Lets assume each user can have a maximum of 5 different texts and each being capped to 1MB worth of data. Each text can have a max of 5 tags. Let us also assume this this application is available in 10 countries and has a lifespan of 10 years with an average of 1000 users per country. Lets also assume uploaded images are compressed to a 100kb. Let us also assume we will save up to 10 previous versions of each text with the oldest being deleted.

User {

user_id: 10 bytes

username: 10 bytes

password: 10 bytes

text_ids: 10bytes * 5

}

10 + 50 bytes = 60 bytes

Text{

text_id: 10 bytes

user_id: 10 bytes

(image_ids: any text:any) -> max between these two fields is 1mb

total_memory: 5 bytes

privacy_status: (public,private) 10 bytes

text_link: 100 bytes

text_password: 50 bytes

tags: 50 bytes * 5

last_modified: 8 bytes

text_history: 10mb

}

10b + 10b + 1mb + 5 + 10 + 50 + 250bytes + 8 + 10mb =

11.000343 mb

To_Delete{

text_id: 10 bytes

last_modified: 8 bytes

}

10 + 8 = 18b

Tag{

tag_id: 10 bytes

tag_name: 50 bytes

}

10 + 50 = 60b

Image{

image_id: 10 bytes

}

10 + 100000 = 100010 bytes

Search {

text_id: 10 bytes

text_header: 20 bytes

}

10 + 20 = 30 bytes

60 + 30 + 100010 + 60 + 18 + 11.000343mb = 11.100521mb

11 mb

1000 users per country * 10 countries * 11mb * 10 years = 1.1 Terabyte

API design

input_search_header(text_id, text_header) -> This function will be called when a user creates some text. It will store up to 20 bytes of data starting at the beginning of the text in a key value store in order to be used by a search function

search(text) -> This function will utilize a websocket to take user input data and search for headers that correspond to the user input text

create_text(session_id, text, image_ids, privacy_settings, text_link,text_password,tags,text_history,total_memory,last_modified) -> When a user starts creating a text, a websocket connection with the database is opened, storing image ids, text, last modified information, total memory used so far and privacy settings.

show_advanced_options(session_id, text_id) -> will show advanced options based on the session_id (privacy settings, edit options, password etc)

set_privacy_level(session_id, text_id) -> set privacy on a certain text

set_document_password(session_id, text_id, password) -> password protect a document

delete_text(text_id, session_id) -> Deletes a pasted text by it's id based on the user's session id or based on time since creation

send_to_deletion(text_id, last_modified) -> uses a time series db to store text_id by last_modified date . Once a week has passed, we can delete by the rolling date.

alert_space_capcity(text_id) -> Once a text is over its 1mb space capacity, send an alert telling the user this information and prevent any further additions to the text

Database design

Defining the system data model early on will clarify how data will flow among different components of the system.
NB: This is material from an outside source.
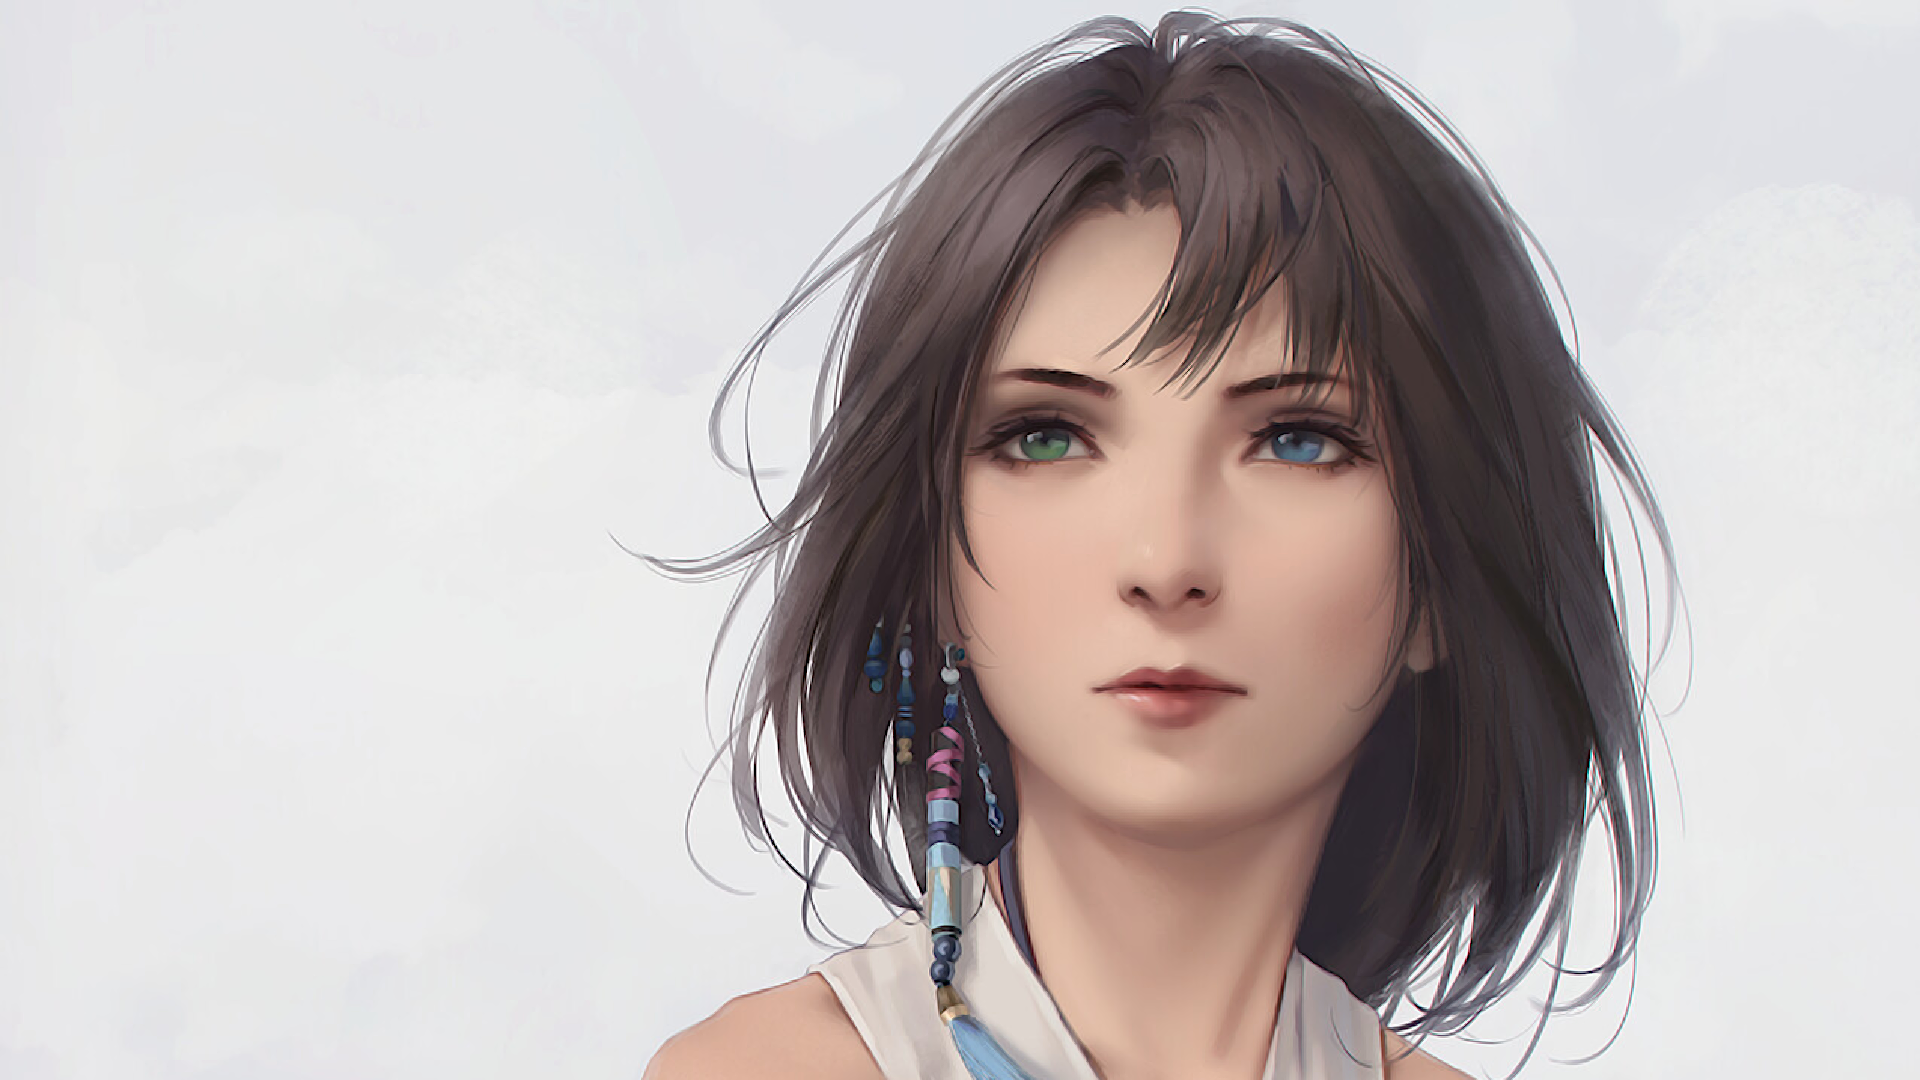 Final Fantasy X Picture by Miura Naoko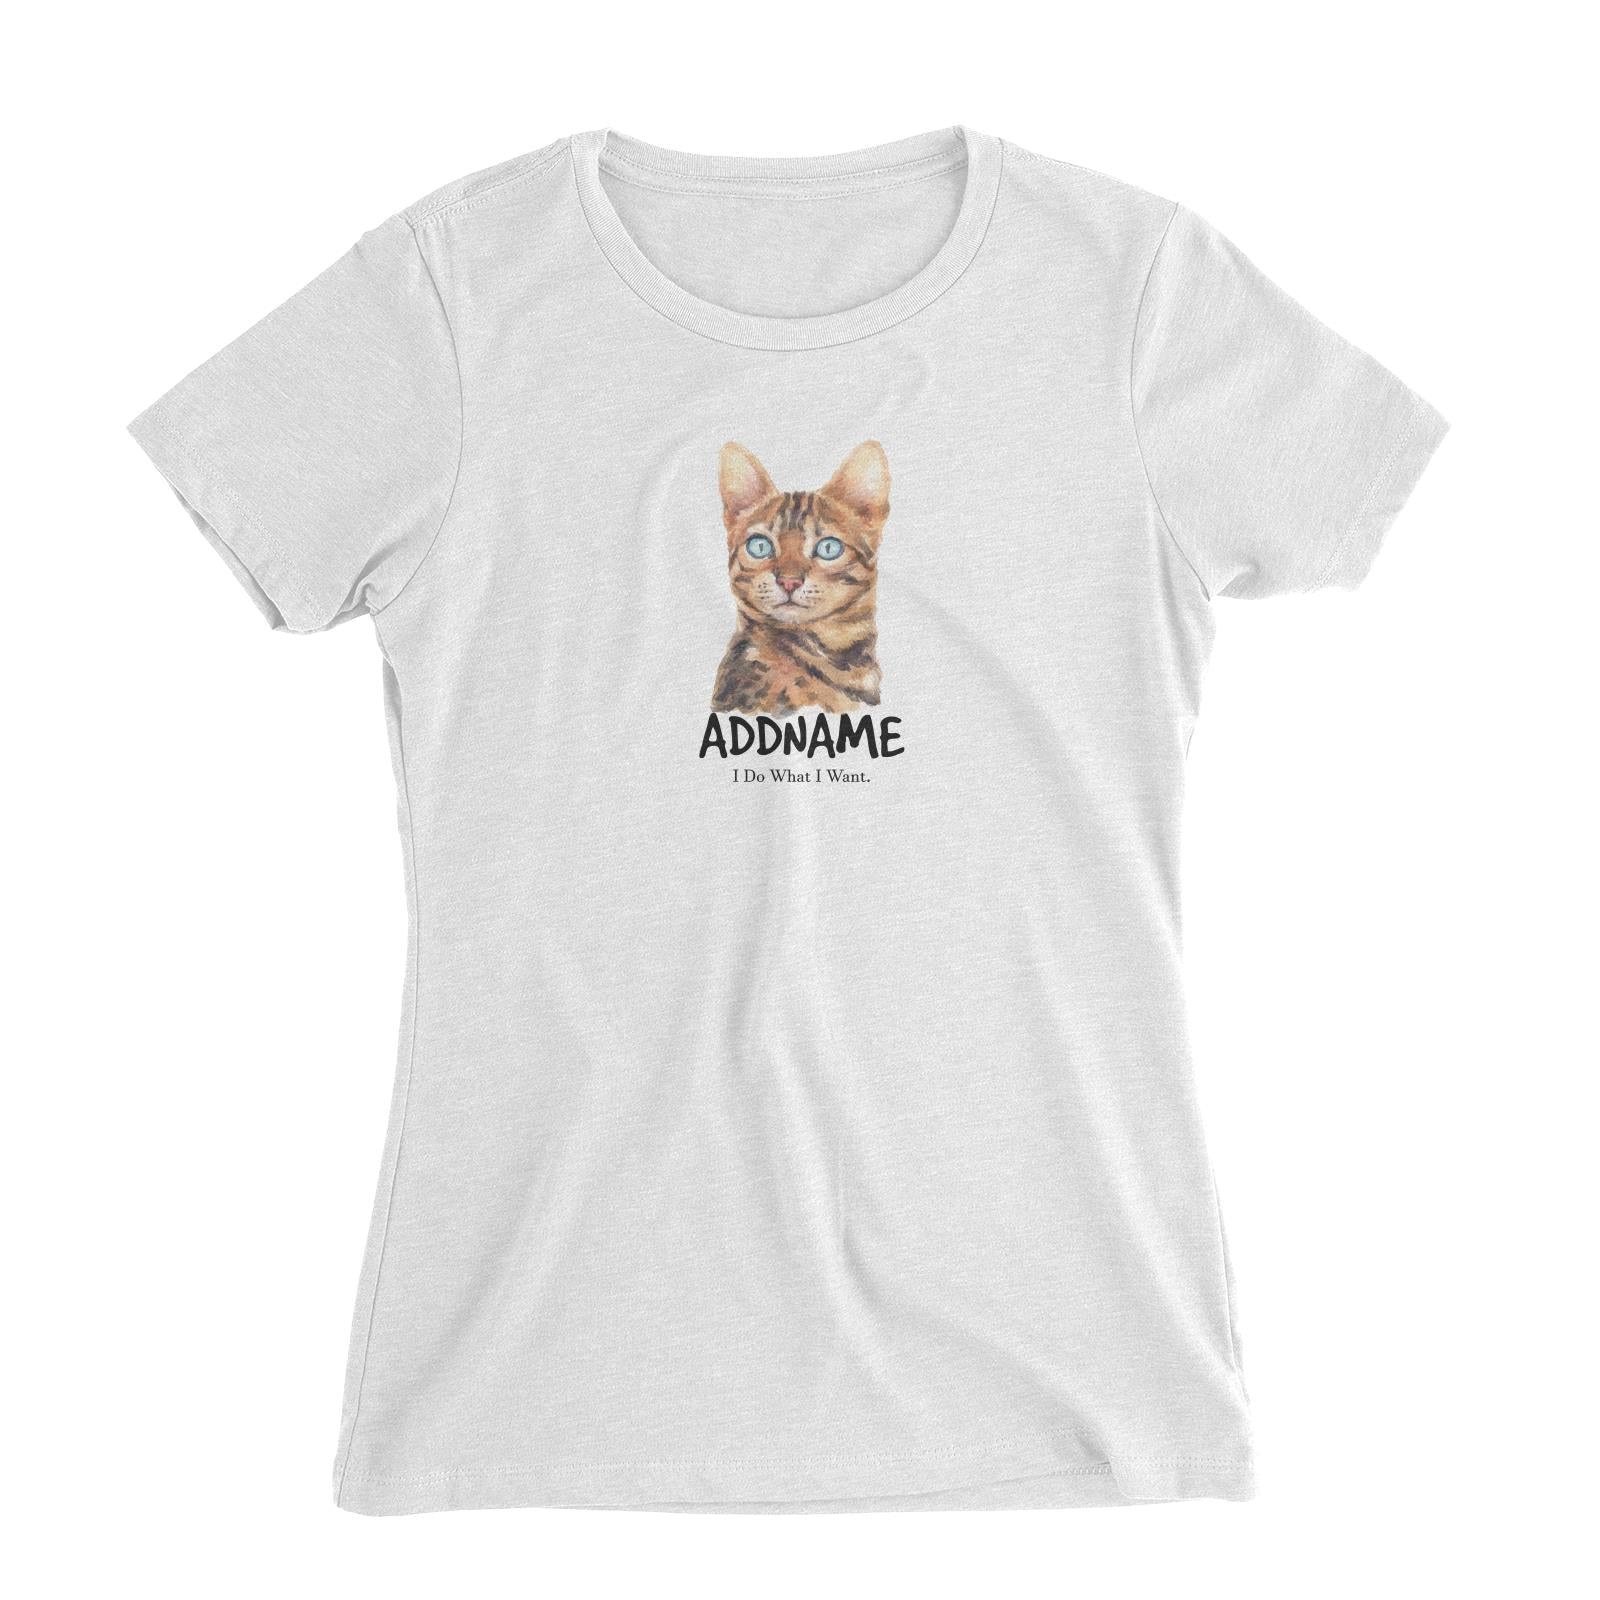 Watercolor Cat Bengal Cat I Do What I Want Addname Women's Slim Fit T-Shirt

Also you could draw an ER diagram using the diagramming tool to enhance your design...

ToDelete{

last_modified: string,

text_id: string

}

will store each text id by last_modified, once user re accesses this text_id before expiration policy, we can search the db by its previous last_modified date to find this text id to remove it from that date group and give it a new data group

Text{

text_id: string

user_id: string

image_ids: -> string[]

total_memory: float

privacy_status: string

text_link: string

text_password: string

tags: Tag[]

last_modified: datetime

text_history: Text[]

}

Tag{

tag_id: string

tag_name: string

}

User {

user_id: string

text_ids: string[]

}

Search {

text_id: string

text_header: string

}

Image{

image_id: string

}

High-level design

User visits the website and logs into their account
Users can save their text via a button on the screen
users can delete text via a button
users can open up to 10 new "tabs" for 10 different texts
users can set privacy settings and create a link that only allows some users to view
users can use a search bar to find texts related to the input they provide
If a user wants to access a text, we will first check the cache if the text information is already stored in there before checking the database
users text will delete after 7 days

Request flows

Explain how the request flows from end to end in your high level design. Also you could draw a sequence diagram using the diagramming tool to enhance your explanation...

Detailed component design

Text deletion: We can handle text deletion by using a time series database, if a user passes 7 days without changing the text content, all text_ids stored under a date 7 or more days ago will have their corresponding text deleted. If a user updates their text within this 7 day period, we will search our time series database for their previous last_modified date and find the corresponding text id under that date and remove it and add it back to the appropriate new last_modified date

Image upload: We will use an image storage option like amazon S3 and assign every uploaded image a unique id. We will limit how many images can be posted per session id and text to limit storage issues and keep costs down. Image deletion policy will follow a similar policy as text deletion where if a text is deleted then its associated images are also deleted

Trade offs/Tech choices

Image storage: Use a dedicated image storage like amazon S3 or blob storage to handle image upload and then reference the image back with a unique identifier. This will help reduce the strain image uploads will have on storage since we can anticipate many images being implemented within the texts

Time series database: I chose to include this database since I foresee lots of old text being scheduled for deletion daily and maybe even by the hour. We need a database that can store simple information like last_modified date and text_id to tell the server which texts need to be deleted every hour

Cache: we can use a tool like redis to cache text information on frequently accessed texts

I chose to use a relational database to hold text data since dynamic database structure isn't needed here yet I need a highly consistent database that needs near live updates on texts. Furthermore, I believe something highly available is important here which sql does well.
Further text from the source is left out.